Nos caporaux, qui auraient dû être dans leurs chambrées comme de bons chefs d’atelier, enseignant et donnant de bons exemples d’ordre et de discipline, étaient au contraire, très souvent, les premiers à donner l’exemple du désordre et de l’indiscipline. Pourquoi ? Parce qu’ils ne savaient rien de leur métier ; ils étaient souvent punis pour ne pas savoir leur théorie et les règlements les concernant ; ils tempêtaient alors contre ces règlements, contre la discipline, contre leurs supérieurs qui voulaient les forcer à apprendre des choses impossibles, absurdes et désagréables.

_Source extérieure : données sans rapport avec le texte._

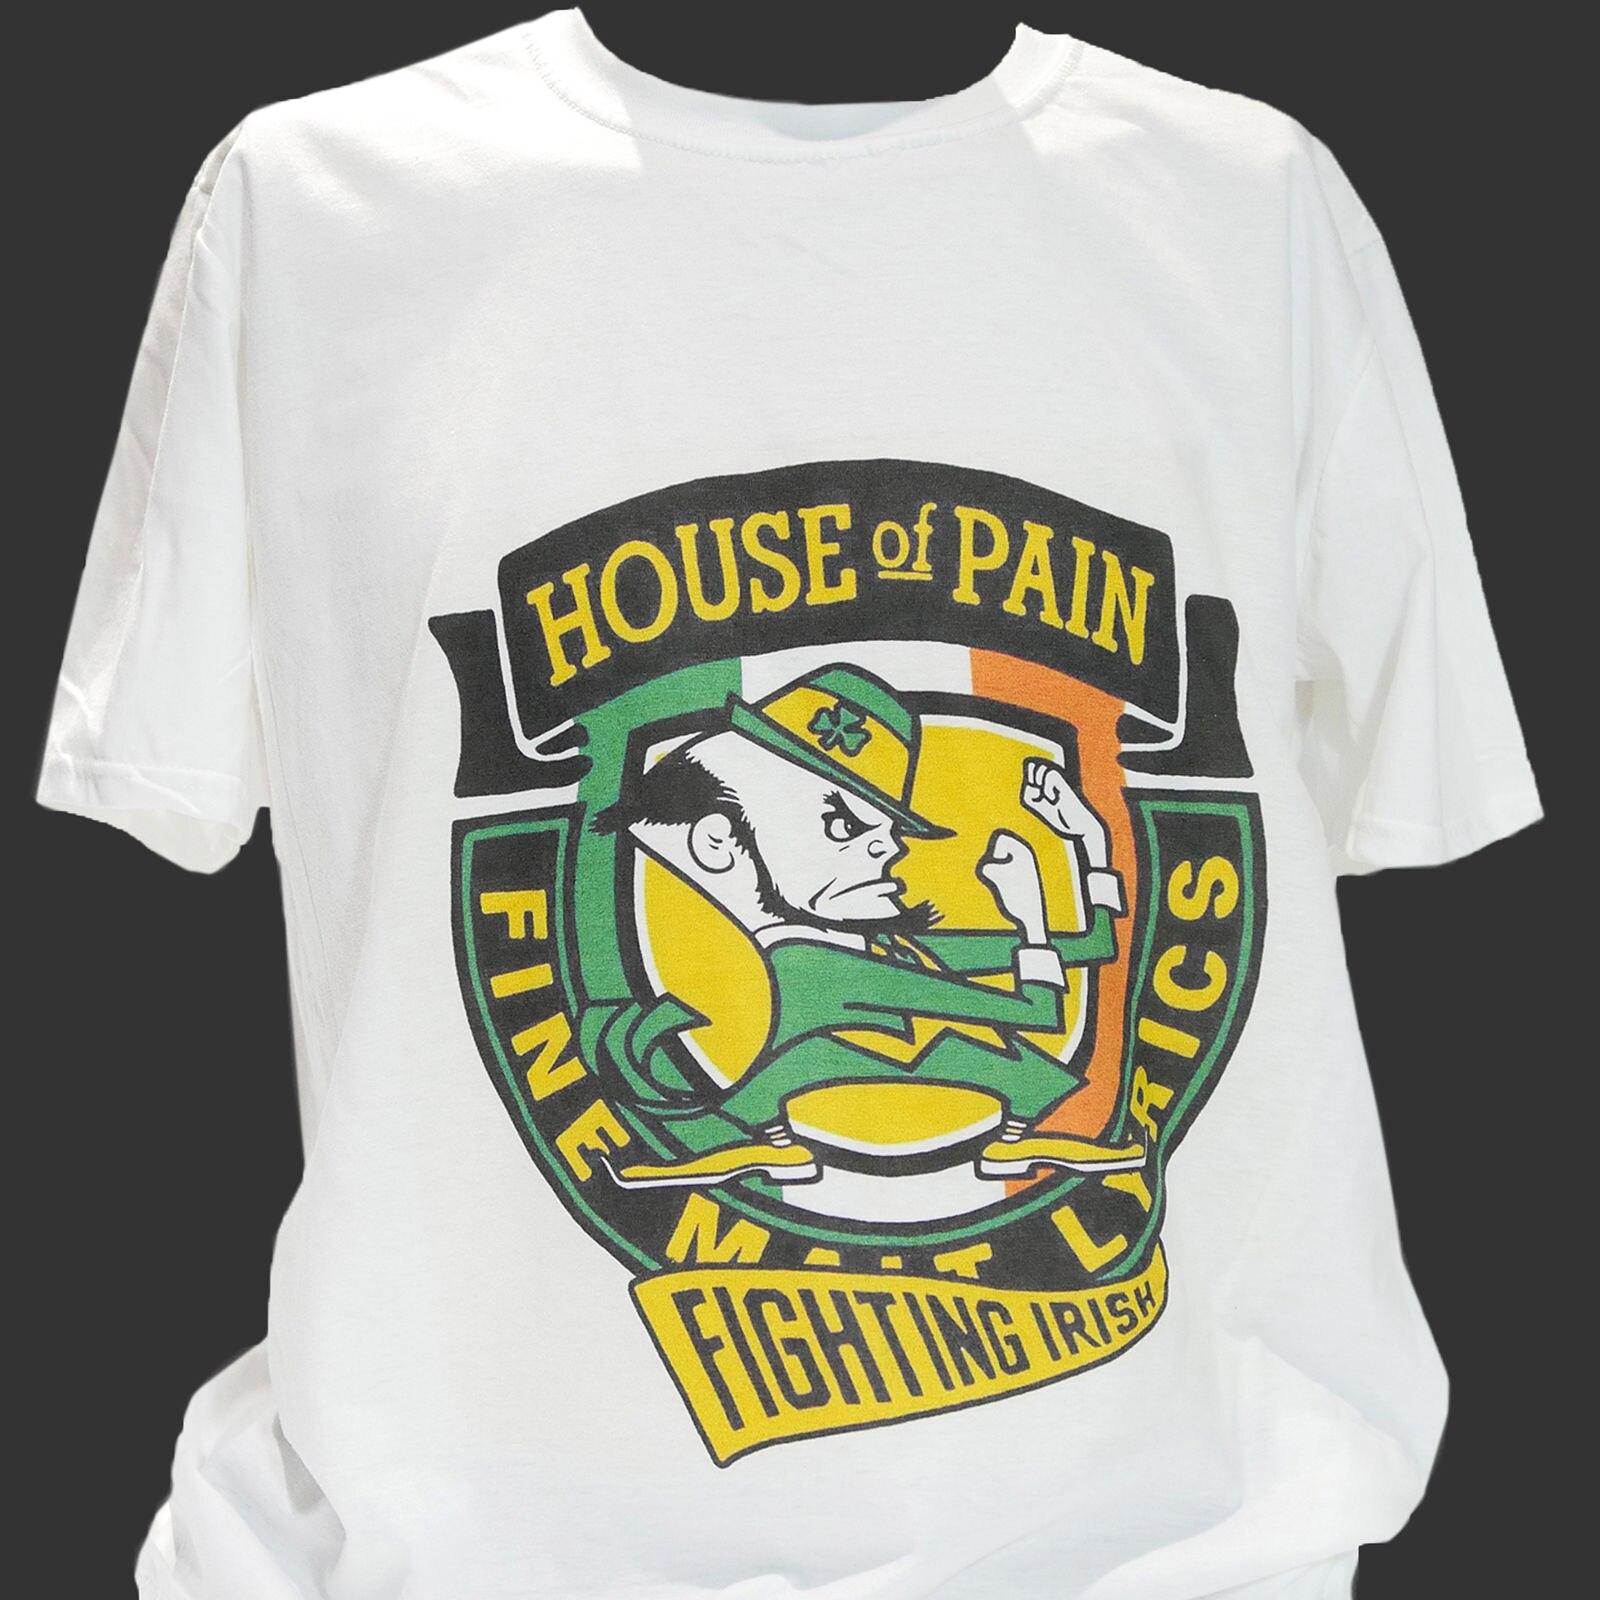 HOUSE OF PAIN FINE MALT LYRICS EVERLAST DJ LETHAL CYPRESS HILL NEW WHITE T-SHIRT

Ils croyaient sans doute que les galons étaient faits tout simplement pour donner plus de solde, pour glorifier et honorer ceux qui étaient appelés à les porter.

Je n’ai connu qu’un seul individu, un Corse, qui connût bien ses devoirs et ses droits de caporal et de sergent, et qui sût s’y maintenir. Celui-là était un bon père de famille, enseignant, dirigeant et corrigeant ses enfants avec connaissance, autorité et justice. Je puis citer son nom sans risquer de me tromper : il s’appelait Orticoni. Ah ! si tous les gradés, y compris les officiers, eussent connu leurs droits et leurs devoirs comme celui-là et eussent su s’y conformer, les choses auraient bien mieux marché ! Nous n’aurions pas eu tant d’hommes dans les prisons, les cachots, les compagnies de discipline et les travaux forcés, tant d’honnêtes familles plongées dans le désespoir et dans le deuil ! Mais, hélas ! nos gradés d’alors ne savaient commander qu’avec brutalité, grossièreté, colère et souvent haine ou vengeance. J’ai vu plus

II
1er Février 1905.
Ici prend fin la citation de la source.